The Hedonistic Roots of the Tea Party

Winter 2012 | Ted Nordhaus, Michael Shellenberger,

Efforts to reach a sweeping, 10 year budget deal collapsed recently after Tea Party Republicans forced Party leadership to oppose any compromise that included tax cuts -- even after President Obama had put treasured Democratic entitlements like Social Security on the chopping block.

Anti-tax activists dress up their opposition to tax hikes as a sign of fiscal responsibility. But in a new essay, the sociologist Fred Block argues that the Tea Party is simply the most extreme manifestation of a hedonistic consumer culture.

In "Daniel Bell's Prophecy", Block writes about his legendary former professor who in a 1976 book predicted the tax revolt, one driven by declining social solidarity and the public's increasing unwillingness to pay for productive public goods.

"The rise of a consumer culture from the 1920s to the 1960s," Block notes, "had effectively undermined the historic Protestant sanctification of work and replaced it with a hedonistic pursuit of pleasure. Because pleasure is defined in individualistic terms, the pursuit of it results in an erosion of the moral bonds that have historically held society together."

In condemning the Republican opposition to a grand compromise, David Brooks in the New York Times writes, "According to the Gallup Organization, only 20 percent of Americans believe the budget deal should consist of spending cuts only... Yet the G.O.P. is now oriented around this 20 percent. It is willing to alienate 80 percent of voters and commit political suicide because of its faith in the power of tax policy."

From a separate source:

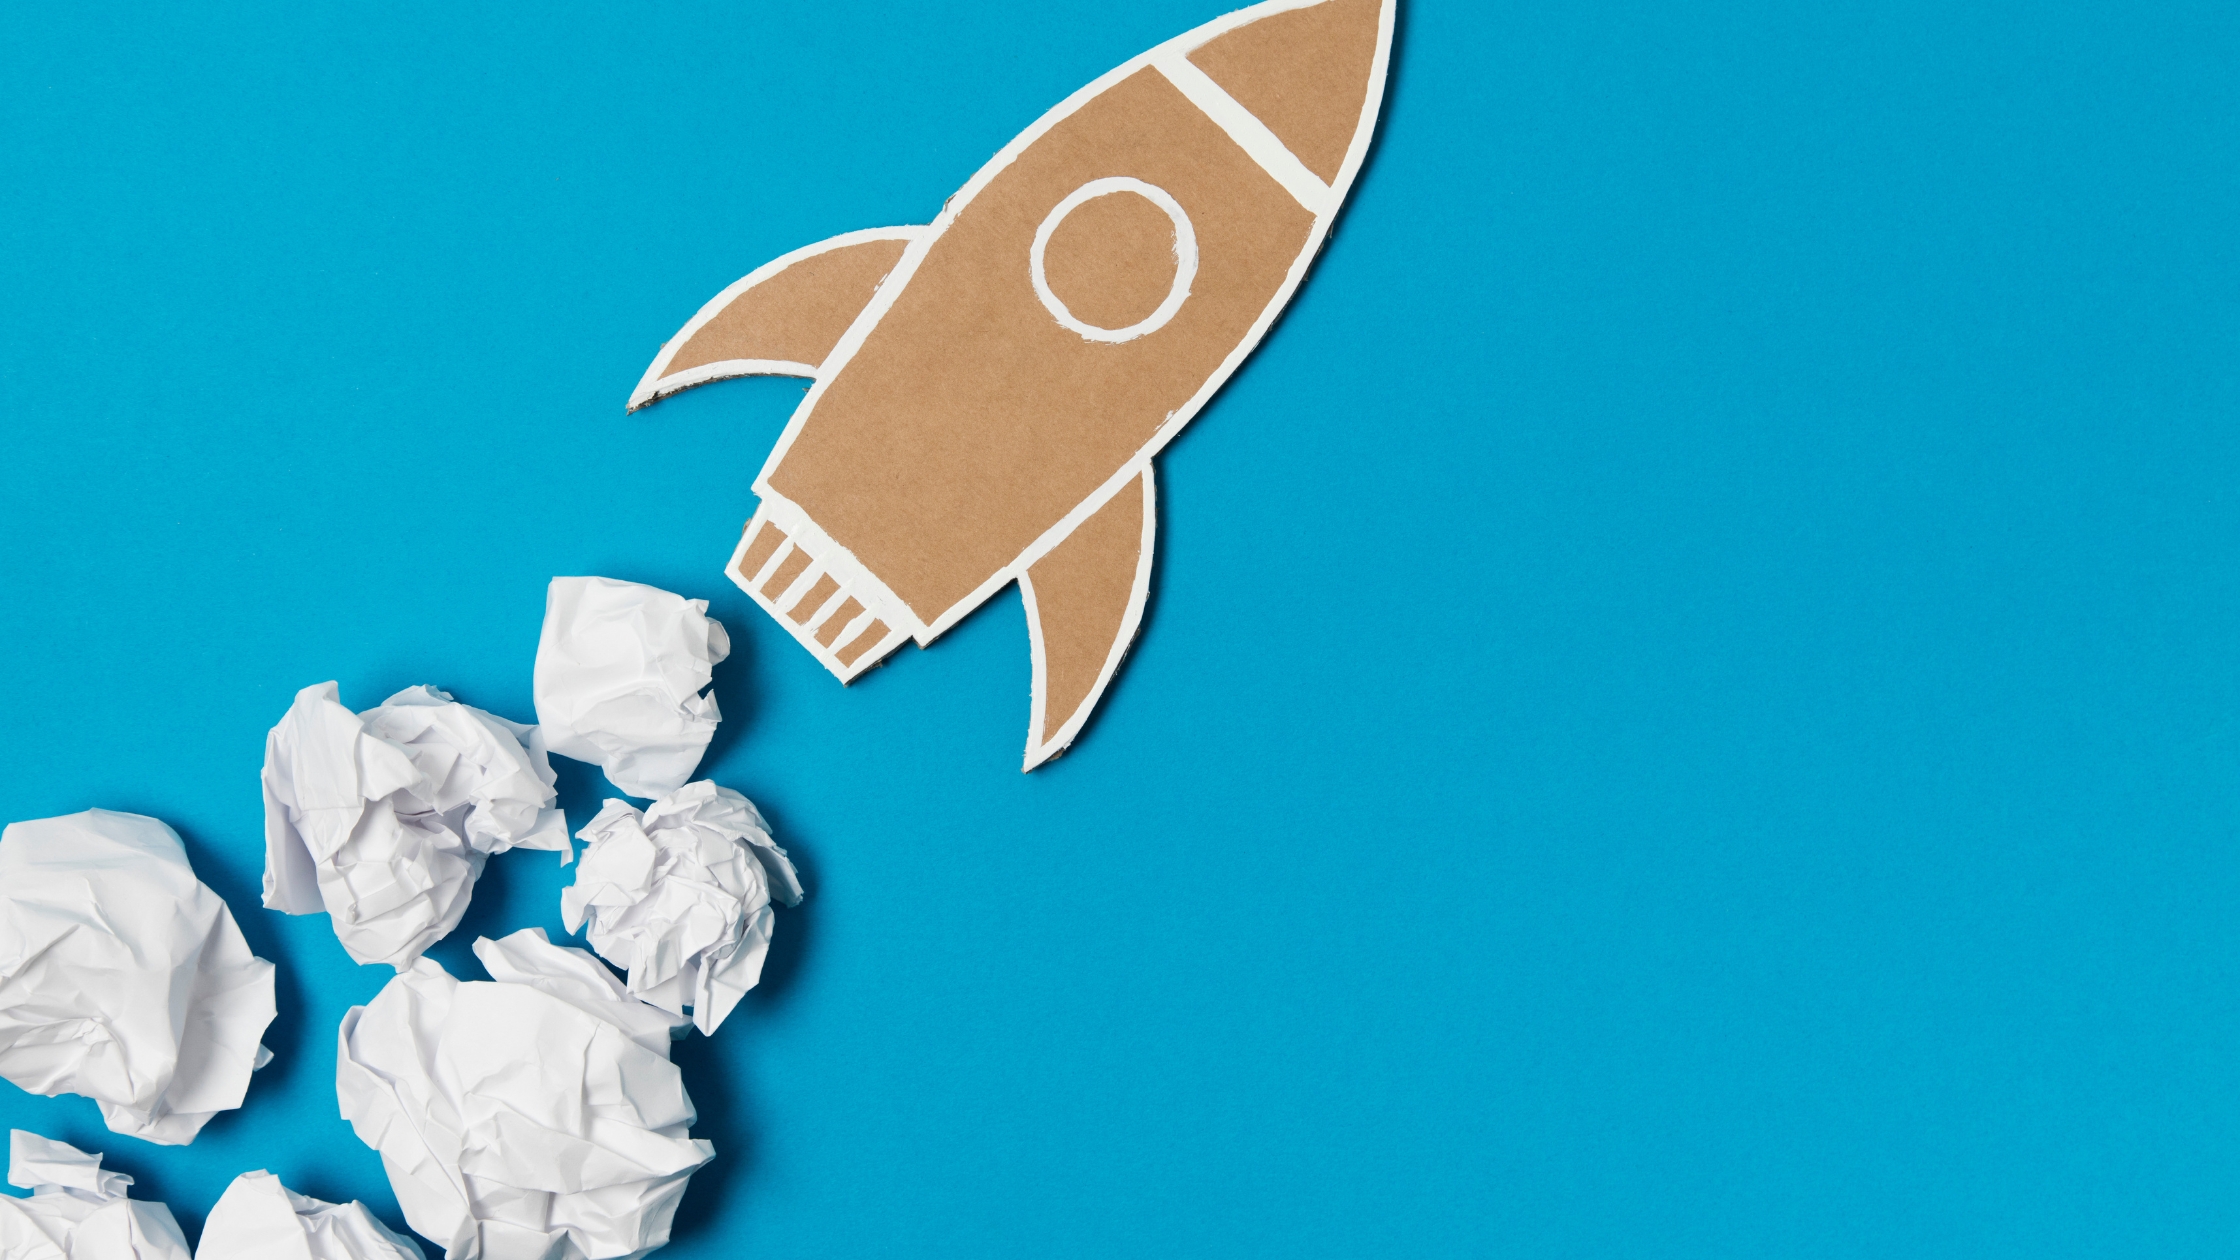 Collect Debt Faster: Cardboard rocket illustration flying through crumpled white paper clouds, symbolizing overcoming debt collection challenges. The Baker Group debt collection services.

While it is comforting to think that the Tea Party is a minority phenomenon that will be overcome once the silent majority speaks out, its roots in the larger culture reflect a much broader contradiction in our political culture, one that lies at the heart of today's fiscal crisis. Americans increasingly demand an ever-growing array of new public services and entitlements even as they have become less willing to pay for them. Forty years ago, Bell called for a new public philosophy capable of restoring America's commitment to collective public action critical to ensuring our national prosperity and greatness. Never has that need been clearer than today.